# DIRECTIONS FOR THIS TASK:
From the first line to the last, give the records again exactly.

# GIVEN ENTRIES:

◇ ◇ ◇ ◇ ◇ ◇ ◇

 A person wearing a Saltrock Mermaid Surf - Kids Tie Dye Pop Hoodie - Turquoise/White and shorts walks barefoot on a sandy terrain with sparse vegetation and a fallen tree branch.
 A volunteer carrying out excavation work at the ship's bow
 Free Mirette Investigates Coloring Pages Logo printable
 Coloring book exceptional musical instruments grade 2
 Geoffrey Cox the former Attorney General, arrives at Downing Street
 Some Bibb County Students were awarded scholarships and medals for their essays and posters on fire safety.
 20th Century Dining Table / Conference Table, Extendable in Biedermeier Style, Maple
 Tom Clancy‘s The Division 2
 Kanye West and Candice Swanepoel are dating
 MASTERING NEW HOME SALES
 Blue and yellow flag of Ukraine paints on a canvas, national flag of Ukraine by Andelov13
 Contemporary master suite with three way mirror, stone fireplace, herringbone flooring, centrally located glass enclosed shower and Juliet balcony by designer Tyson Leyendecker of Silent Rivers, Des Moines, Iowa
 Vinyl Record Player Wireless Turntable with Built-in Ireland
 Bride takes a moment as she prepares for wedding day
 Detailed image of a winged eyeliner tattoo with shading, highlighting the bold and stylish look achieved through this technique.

◇ ◇ ◇ ◇ ◇ ◇ ◇

# ANSWER SPACE:
 A person wearing a Saltrock Mermaid Surf - Kids Tie Dye Pop Hoodie - Turquoise/White and shorts walks barefoot on a sandy terrain with sparse vegetation and a fallen tree branch.
 A volunteer carrying out excavation work at the ship's bow
 Free Mirette Investigates Coloring Pages Logo printable
 Coloring book exceptional musical instruments grade 2
 Geoffrey Cox the former Attorney General, arrives at Downing Street
 Some Bibb County Students were awarded scholarships and medals for their essays and posters on fire safety.
 20th Century Dining Table / Conference Table, Extendable in Biedermeier Style, Maple
 Tom Clancy‘s The Division 2
 Kanye West and Candice Swanepoel are dating
 MASTERING NEW HOME SALES
 Blue and yellow flag of Ukraine paints on a canvas, national flag of Ukraine by Andelov13
 Contemporary master suite with three way mirror, stone fireplace, herringbone flooring, centrally located glass enclosed shower and Juliet balcony by designer Tyson Leyendecker of Silent Rivers, Des Moines, Iowa
 Vinyl Record Player Wireless Turntable with Built-in Ireland
 Bride takes a moment as she prepares for wedding day
 Detailed image of a winged eyeliner tattoo with shading, highlighting the bold and stylish look achieved through this technique.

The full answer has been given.